**THE RECORDS:**
::::::::
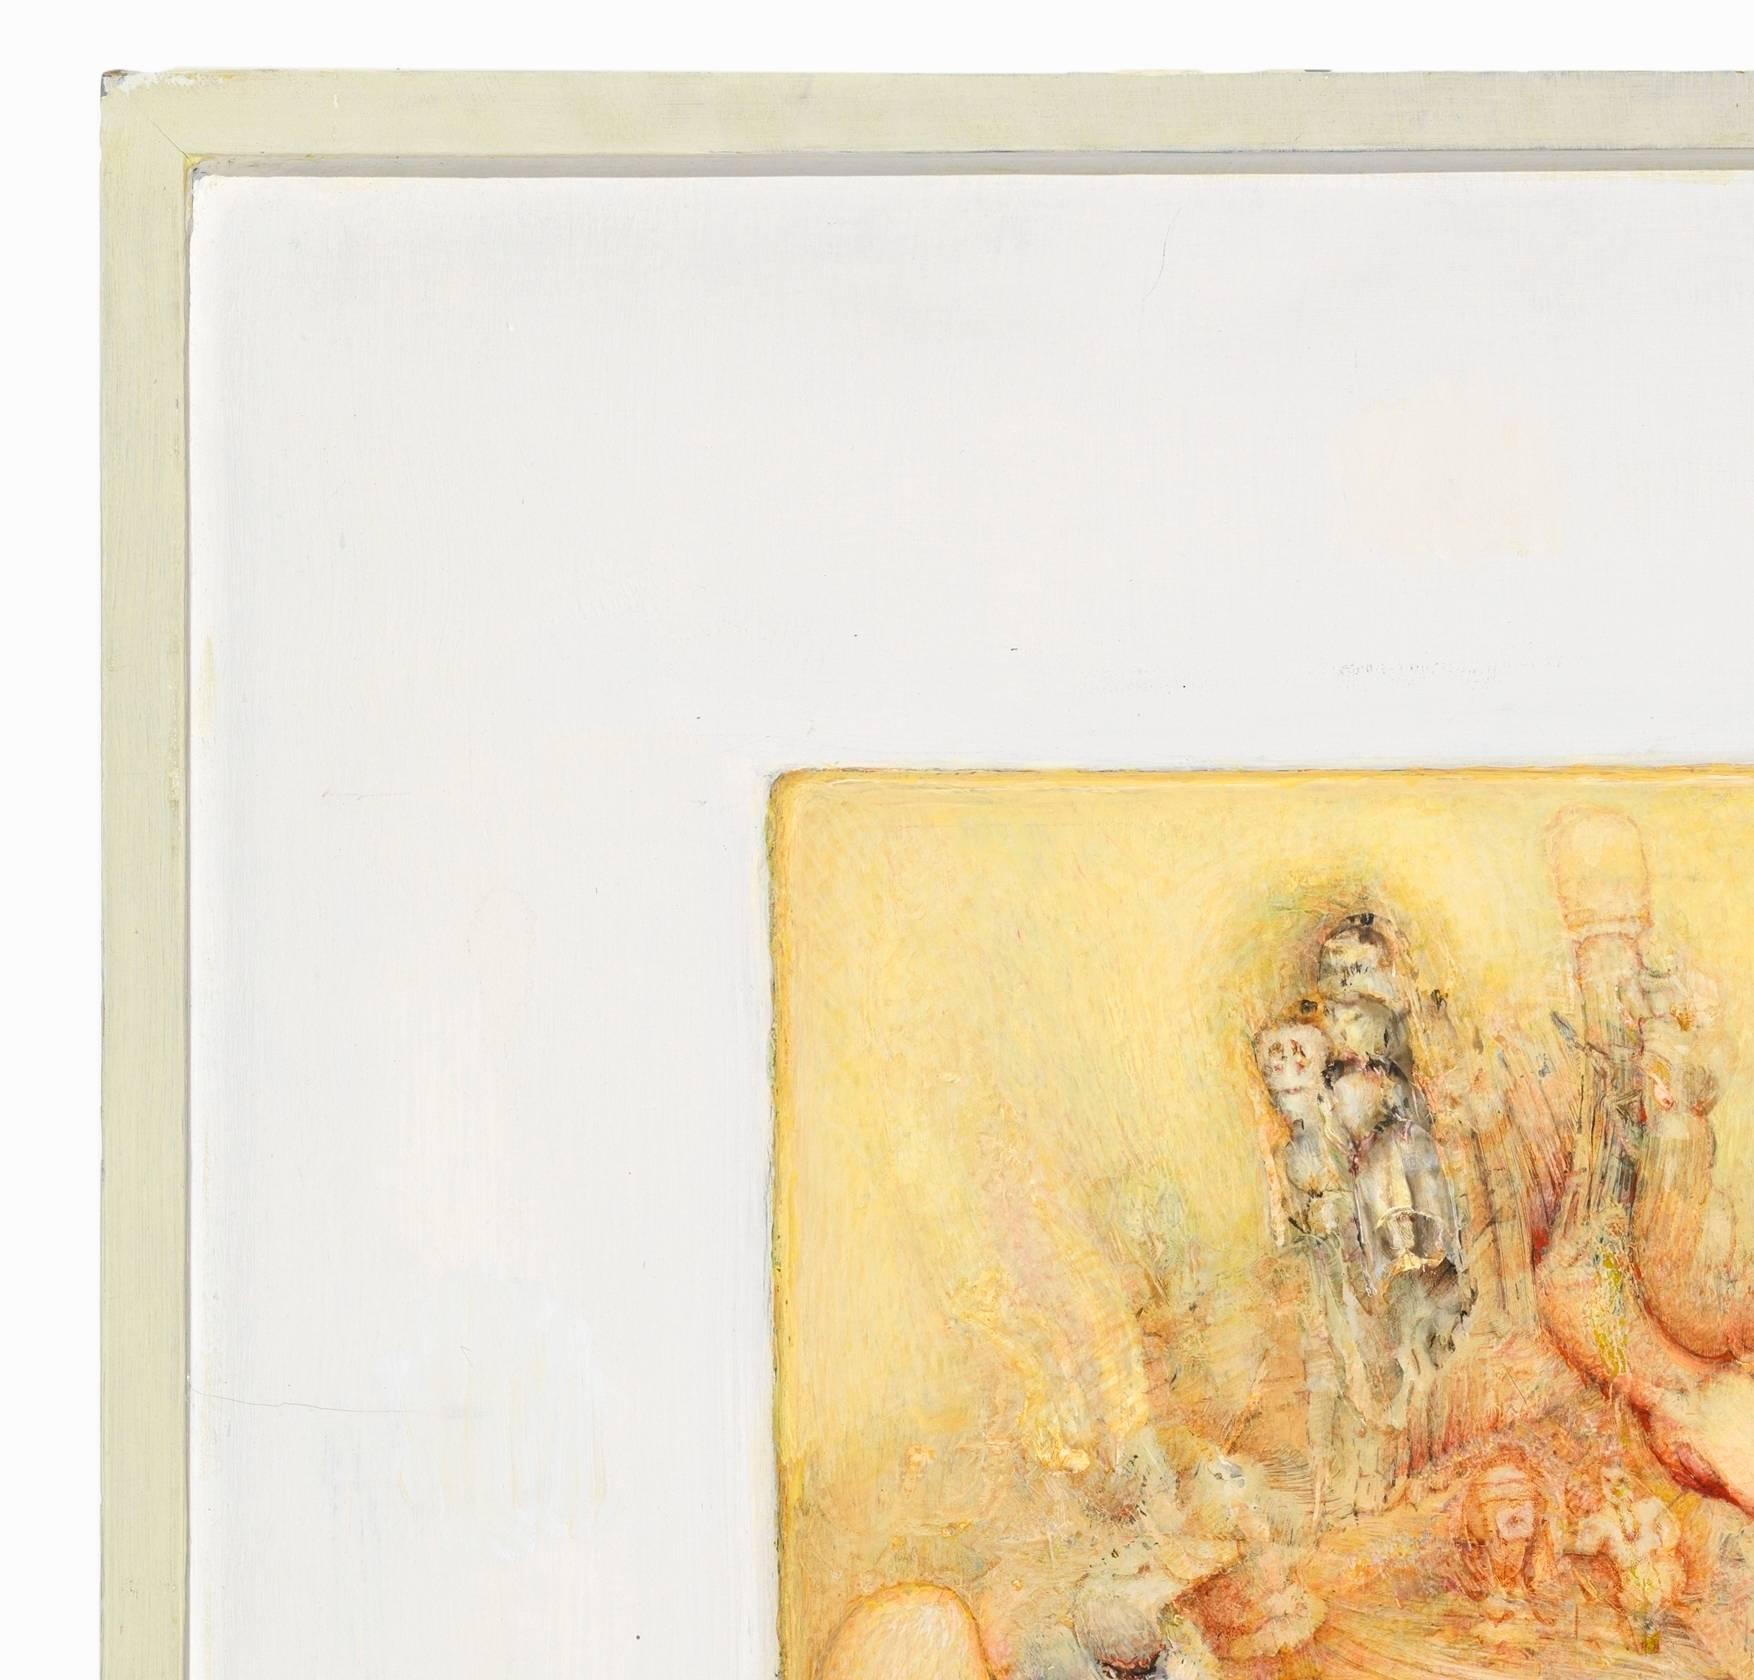 GREGORY GILLESPIE (1936-2000)
Der Traum von Goldie, 1999
Öl auf Platte
20 1/8 x 19 5/8 Zoll
Verso signiert: Greg Gillespie
Original-Rahmen

PROVENIENZ

Forum Gallery, New York, New York (Etikett verso)
Nielson Gallery, Boston,
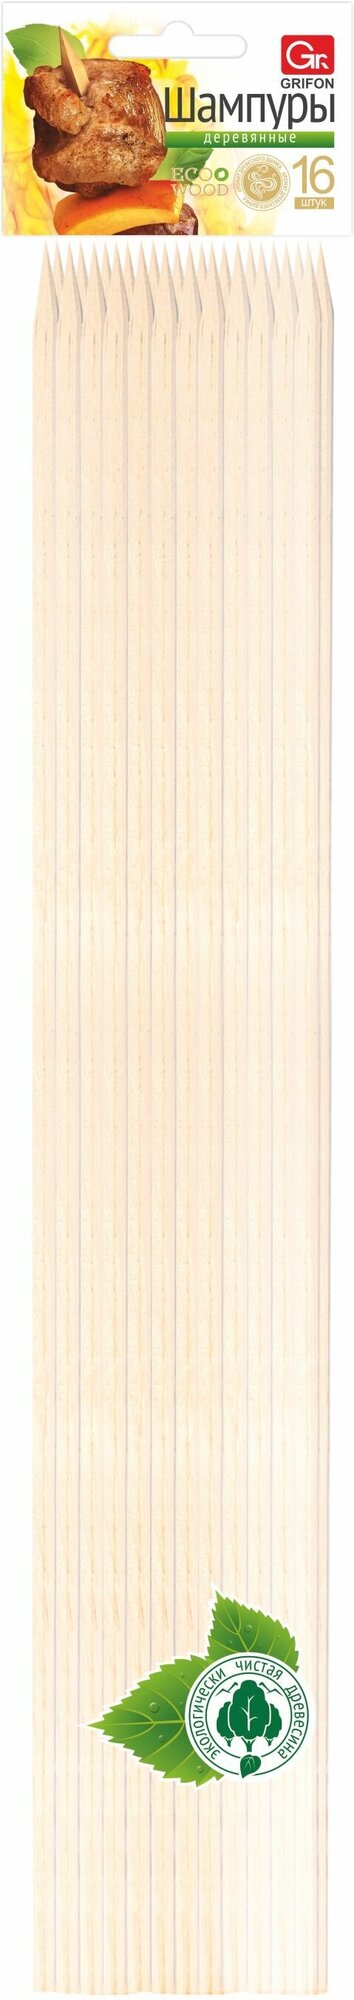 GRIFON ECO Шампуры деревянные 40 см 16 шт. в упаковке
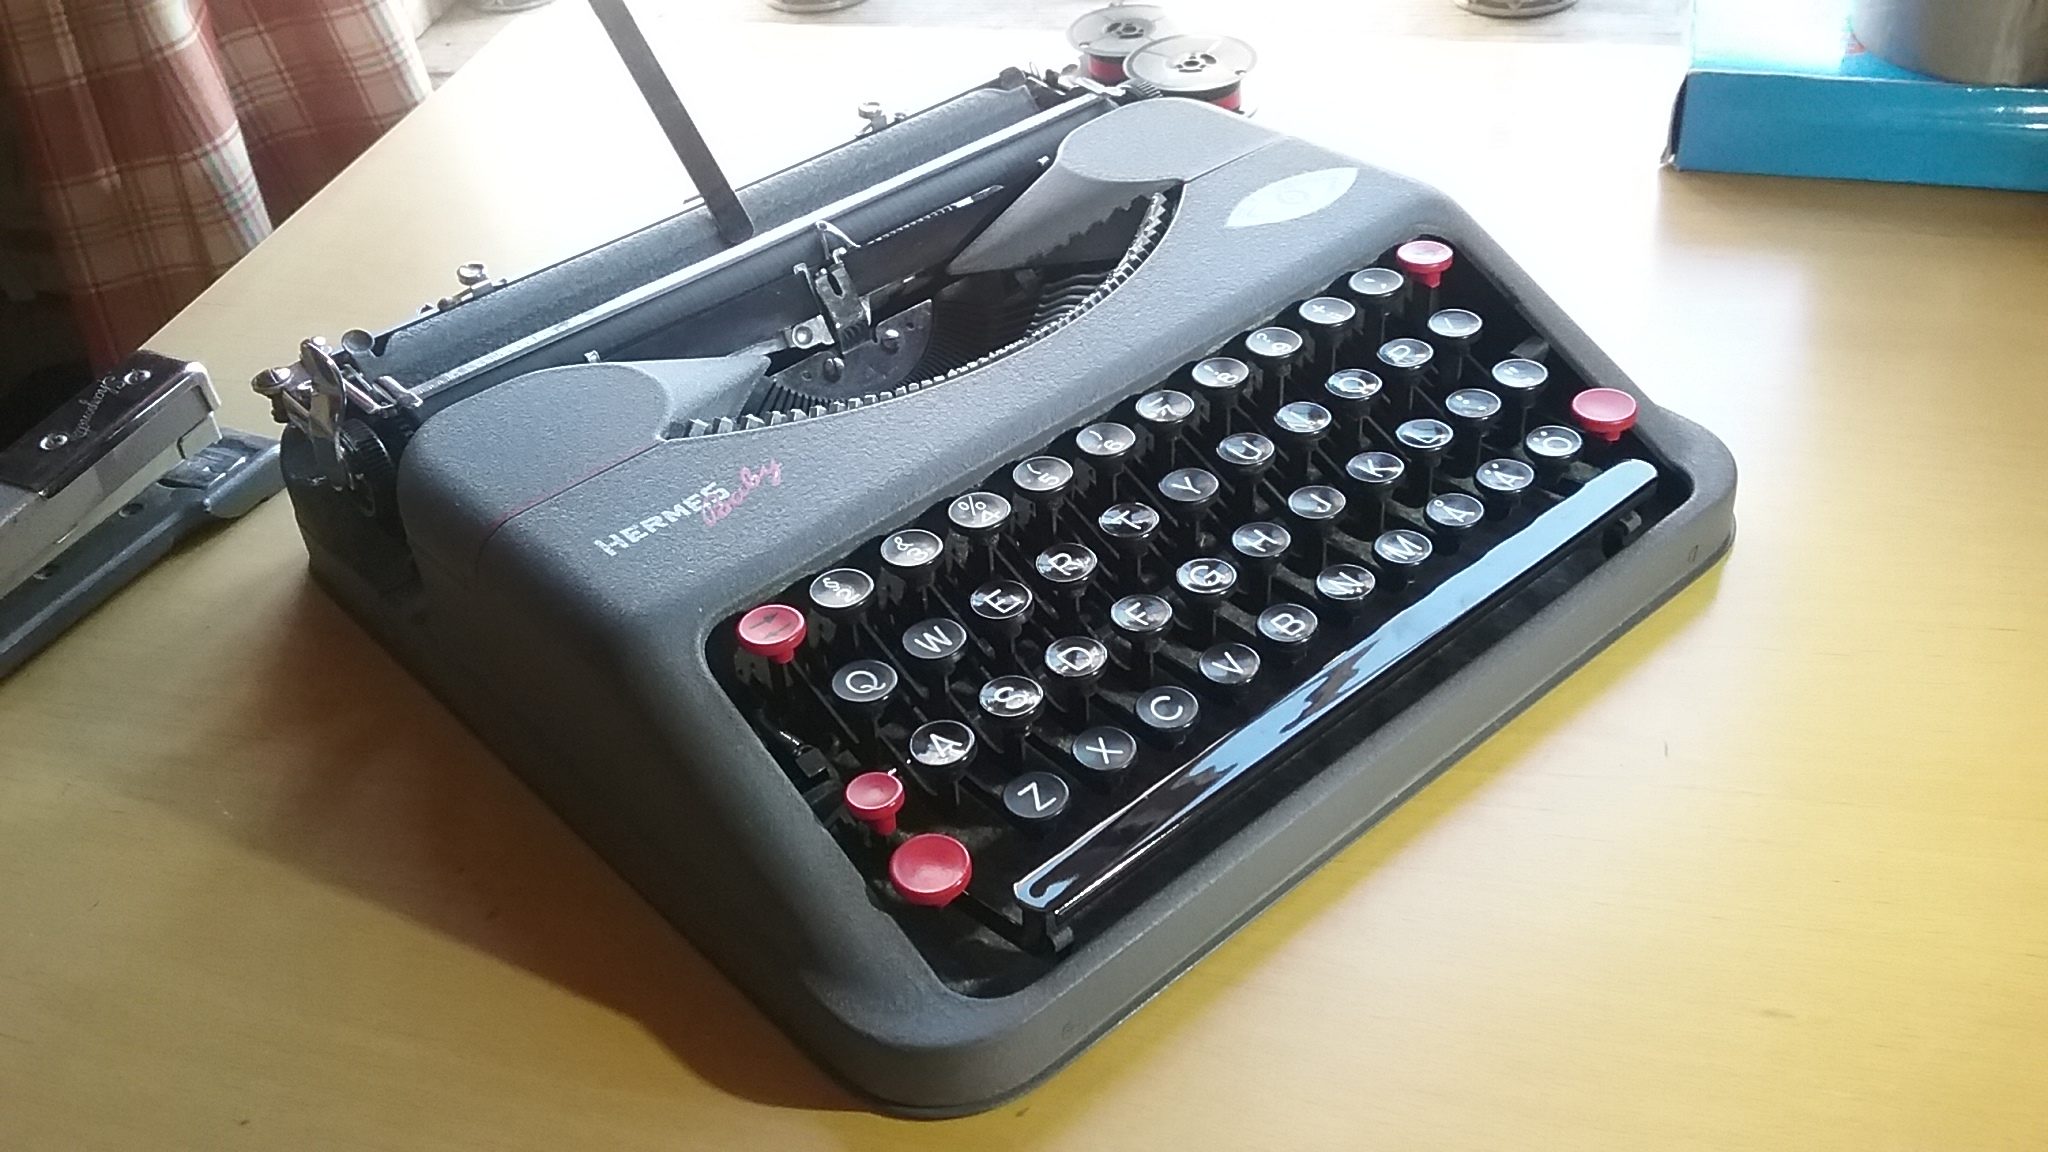 1944 Hermes Baby Ultra Portable Typewriter
::::::::
**TO DO:**
Skip the pictures. Please copy exactly the lines from the one with "20 1/8 x 19 5/8 Zoll" through the final line of the material above, both ends included.

**RESULT OF THIS TASK:**
20 1/8 x 19 5/8 Zoll
Verso signiert: Greg Gillespie
Original-Rahmen

PROVENIENZ

Forum Gallery, New York, New York (Etikett verso)
Nielson Gallery, Boston,
 GRIFON ECO Шампуры деревянные 40 см 16 шт. в упаковке
 1944 Hermes Baby Ultra Portable Typewriter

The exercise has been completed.